» Task instructions: Write out the listing below exactly, beginning at its first line and ending with the line that contains "Phó chủ tịch".

» Data to use:
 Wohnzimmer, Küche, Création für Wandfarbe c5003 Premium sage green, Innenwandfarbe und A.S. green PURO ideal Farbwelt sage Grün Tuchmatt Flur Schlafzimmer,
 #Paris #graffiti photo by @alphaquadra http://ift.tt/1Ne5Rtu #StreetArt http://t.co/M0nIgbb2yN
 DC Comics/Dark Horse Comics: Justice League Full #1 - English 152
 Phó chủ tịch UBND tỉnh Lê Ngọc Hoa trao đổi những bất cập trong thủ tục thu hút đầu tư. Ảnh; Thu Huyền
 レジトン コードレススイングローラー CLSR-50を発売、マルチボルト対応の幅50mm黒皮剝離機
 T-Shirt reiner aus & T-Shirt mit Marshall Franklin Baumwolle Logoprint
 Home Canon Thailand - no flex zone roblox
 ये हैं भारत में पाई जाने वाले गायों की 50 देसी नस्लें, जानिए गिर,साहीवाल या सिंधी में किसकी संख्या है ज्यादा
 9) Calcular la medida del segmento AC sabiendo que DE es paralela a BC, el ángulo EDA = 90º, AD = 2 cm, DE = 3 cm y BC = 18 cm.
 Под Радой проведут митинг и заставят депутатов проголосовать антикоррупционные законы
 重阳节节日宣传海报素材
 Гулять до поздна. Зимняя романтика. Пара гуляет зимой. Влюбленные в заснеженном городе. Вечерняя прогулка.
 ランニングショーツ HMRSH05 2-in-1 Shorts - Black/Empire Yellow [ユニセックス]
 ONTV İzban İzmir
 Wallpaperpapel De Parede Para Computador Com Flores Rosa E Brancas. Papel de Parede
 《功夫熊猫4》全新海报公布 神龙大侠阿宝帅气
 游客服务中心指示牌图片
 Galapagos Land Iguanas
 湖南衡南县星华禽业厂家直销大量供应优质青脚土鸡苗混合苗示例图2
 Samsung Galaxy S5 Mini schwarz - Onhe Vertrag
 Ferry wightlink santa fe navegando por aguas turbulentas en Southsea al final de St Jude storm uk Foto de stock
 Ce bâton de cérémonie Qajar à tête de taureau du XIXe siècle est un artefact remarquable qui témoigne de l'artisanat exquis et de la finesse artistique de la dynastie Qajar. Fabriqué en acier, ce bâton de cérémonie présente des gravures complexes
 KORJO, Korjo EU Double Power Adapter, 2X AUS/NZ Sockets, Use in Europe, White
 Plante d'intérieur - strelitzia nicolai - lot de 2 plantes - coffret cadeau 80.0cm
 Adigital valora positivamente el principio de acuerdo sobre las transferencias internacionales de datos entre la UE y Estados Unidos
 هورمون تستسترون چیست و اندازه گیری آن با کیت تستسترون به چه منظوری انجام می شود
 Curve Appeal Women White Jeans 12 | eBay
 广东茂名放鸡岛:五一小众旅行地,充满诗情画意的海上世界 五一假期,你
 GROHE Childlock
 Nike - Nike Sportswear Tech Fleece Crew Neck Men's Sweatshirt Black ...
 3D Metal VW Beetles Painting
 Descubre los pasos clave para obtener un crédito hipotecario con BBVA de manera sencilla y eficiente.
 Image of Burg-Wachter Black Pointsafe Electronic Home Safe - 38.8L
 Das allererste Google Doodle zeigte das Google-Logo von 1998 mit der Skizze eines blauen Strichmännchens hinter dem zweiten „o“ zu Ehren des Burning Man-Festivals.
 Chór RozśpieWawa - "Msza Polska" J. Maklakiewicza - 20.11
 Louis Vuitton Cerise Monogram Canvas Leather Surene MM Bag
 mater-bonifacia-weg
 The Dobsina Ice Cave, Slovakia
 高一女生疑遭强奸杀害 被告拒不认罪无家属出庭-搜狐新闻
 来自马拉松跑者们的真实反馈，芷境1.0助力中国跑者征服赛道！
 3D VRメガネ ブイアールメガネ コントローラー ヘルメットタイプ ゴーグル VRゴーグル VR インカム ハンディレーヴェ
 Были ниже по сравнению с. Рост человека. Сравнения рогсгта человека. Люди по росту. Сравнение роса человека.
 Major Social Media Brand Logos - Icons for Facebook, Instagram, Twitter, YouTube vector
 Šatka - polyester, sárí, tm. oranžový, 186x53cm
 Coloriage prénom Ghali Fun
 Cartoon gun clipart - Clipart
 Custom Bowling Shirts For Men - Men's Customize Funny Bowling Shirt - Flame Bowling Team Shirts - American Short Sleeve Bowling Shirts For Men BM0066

» Response to this exercise:
 Wohnzimmer, Küche, Création für Wandfarbe c5003 Premium sage green, Innenwandfarbe und A.S. green PURO ideal Farbwelt sage Grün Tuchmatt Flur Schlafzimmer,
 #Paris #graffiti photo by @alphaquadra http://ift.tt/1Ne5Rtu #StreetArt http://t.co/M0nIgbb2yN
 DC Comics/Dark Horse Comics: Justice League Full #1 - English 152
 Phó chủ tịch UBND tỉnh Lê Ngọc Hoa trao đổi những bất cập trong thủ tục thu hút đầu tư. Ảnh; Thu Huyền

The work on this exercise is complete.